Il caso del tredicenne di Bergamo ha riacceso un dibattito annoso, mosso da una domanda: dove finisce un minore che commette un reato grave, se non può andare in carcere? La risposta è nella comunità: una struttura aperta, educativa, alternativa alla detenzione. Partiamo dalla cronaca, nella giornata di ieri un ragazzo di 13 anni ha aggredito con un coltello la sua professoressa di francese, Chiara Mocchi, 57 anni, nei corridoi della scuola media Leonardo da Vinci di Trescore Balneario, in provincia di Bergamo. La docente, rea di avergli dato un voto basso, è stata colpita al collo e all’addome e, dopo un intervento d’urgenza, non è più in pericolo di vita.
Lo studente si era presentato a scuola con una maglietta recante la scritta “Vendetta” e pantaloni mimetici, con lo smartphone appeso al collo per riprendere l’aggressione in diretta su Telegram. Nello zaino aveva anche una pistola scacciacani. Durante la perquisizione della sua abitazione, i carabinieri hanno trovato materiale chimico potenzialmente esplosivo, acido muriatico, fertilizzante e acetone, sequestrato per ulteriori accertamenti. Il movente rimane ancora da chiarire. La sera stessa, il ragazzino è stato trasferito in una comunità per minori.
L’articolo 97 del Codice Penale stabilisce che chi non ha ancora compiuto 14 anni non è imputabile: non può essere processato, né ricevere una condanna. La Procura per i minorenni di Brescia, competente anche per la provincia di Bergamo, ha aperto un fascicolo sul caso e valuterà le misure applicabili. Tra queste spicca il collocamento in comunità, disciplinato dall’articolo 22 del d.P.R. 448/1988, cioè il Codice di Procedura Penale Minorile.

Si ricorre a questo strumento anche nell’ambito della messa alla prova, quando il progetto educativo lo prevede, o come misura alternativa all’esecuzione di una pena.
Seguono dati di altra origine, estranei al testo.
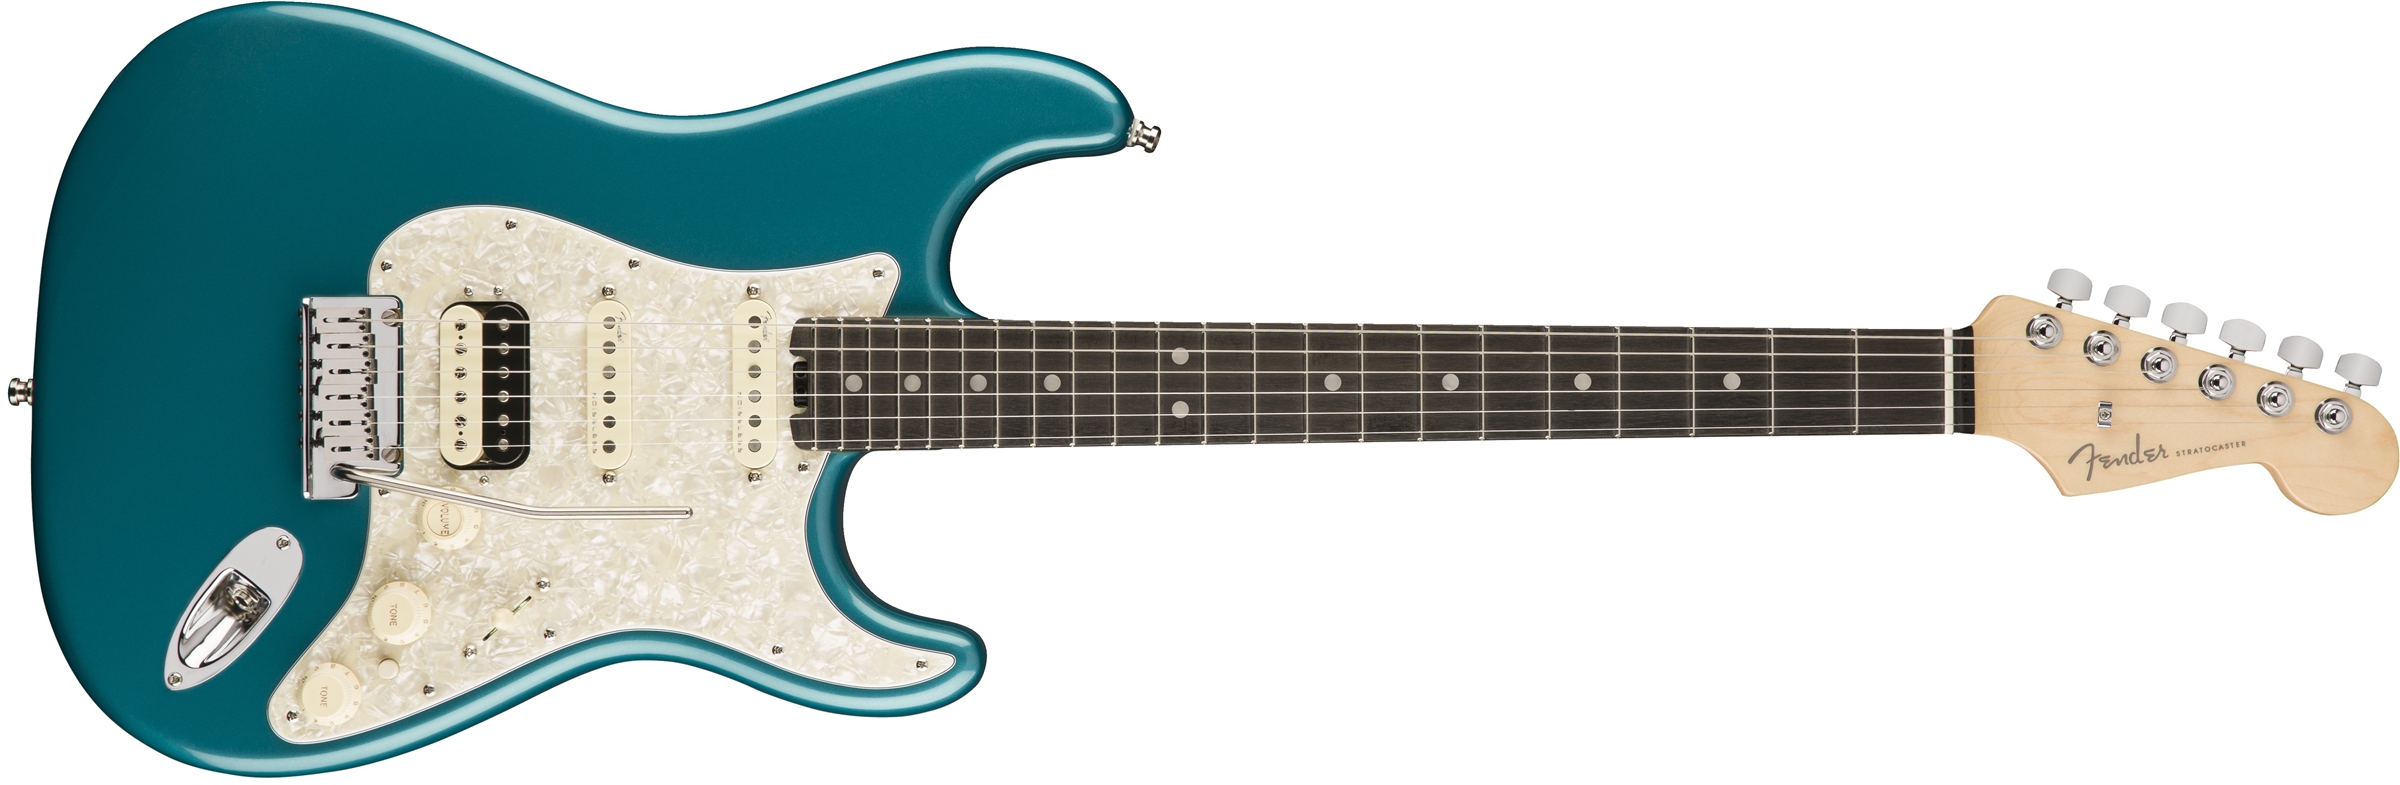 Fender品牌_电吉他_American Ultra_0118020712 产品介绍 - FAST发时达乐器
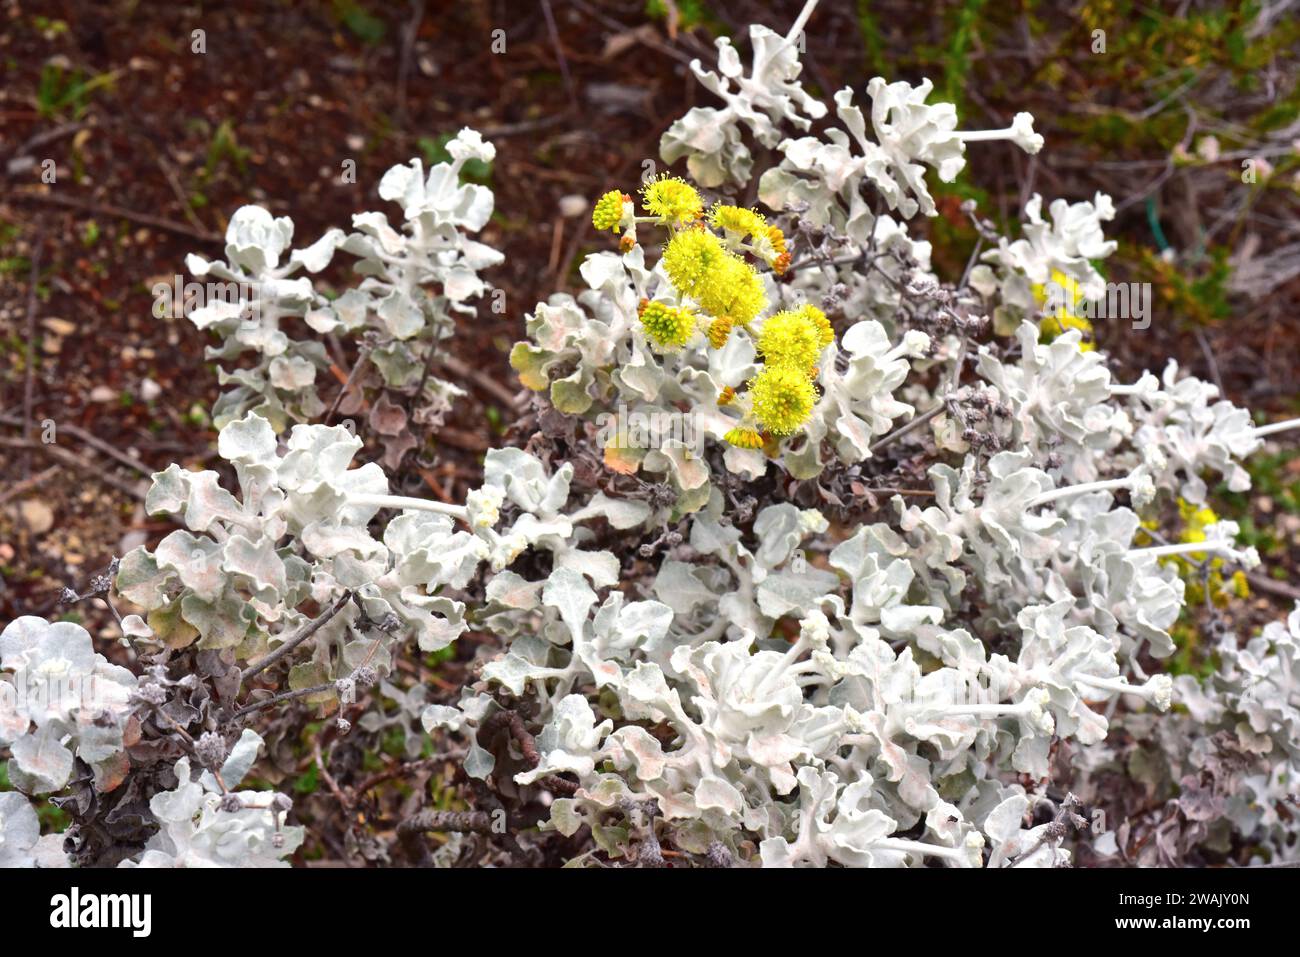 Conejo buckwheat or saffron buckwheat ( Eriogonum crocatum) is a shrub endemic to Conejo Valley, California. Stock Photo

Non è una sanzione, ma un atto di tutela finalizzato alla rieducazione.
Le comunità per minori sono strutture residenziali aperte, il contrario del carcere. Accolgono al massimo dieci ragazzi e sono organizzate per ricordare un ambiente familiare: camere da letto singole o doppie, cucina condivisa, spazi comuni e, spesso, aree esterne. Gli ospiti possono uscire regolarmente per frequentare la scuola, praticare sport e incontrare amici e parenti. Anche i genitori hanno accesso alla struttura, proprio per preservare il legame affettivo con il figlio.
All’ingresso, ogni ragazzo riceve un progetto educativo personalizzato, elaborato dall’educatore di riferimento sulla base della storia personale del minore e delle informazioni trasmesse dai servizi sociali. L’obiettivo non è punire, ma accompagnare il giovane verso una maggiore consapevolezza di sé e delle conseguenze delle proprie azioni, lavorando sulle relazioni quotidiane, tra pari, tra ragazzi ed educatori, tra struttura e famiglia.
Per legge, le comunità che accolgono autori di reato devono ospitare al loro interno anche ragazzi non coinvolti in procedimenti penali. Il confronto tra esperienze diverse è considerato uno degli strumenti educativi più efficaci.
Nonostante la sua comprovata efficacia rispetto al carcere, il sistema delle comunità presenta ancora gravi squilibri territoriali. La carenza di strutture in molte aree del paese costringe spesso a inserire i ragazzi nella prima comunità con un posto disponibile, senza verificare se quella struttura sia davvero adatta alle specifiche esigenze educative del minore. Ogni comunità adotta modelli di lavoro diversi e non tutti vanno bene per tutti. È un limite obiettivo che il sistema non ha ancora risolto.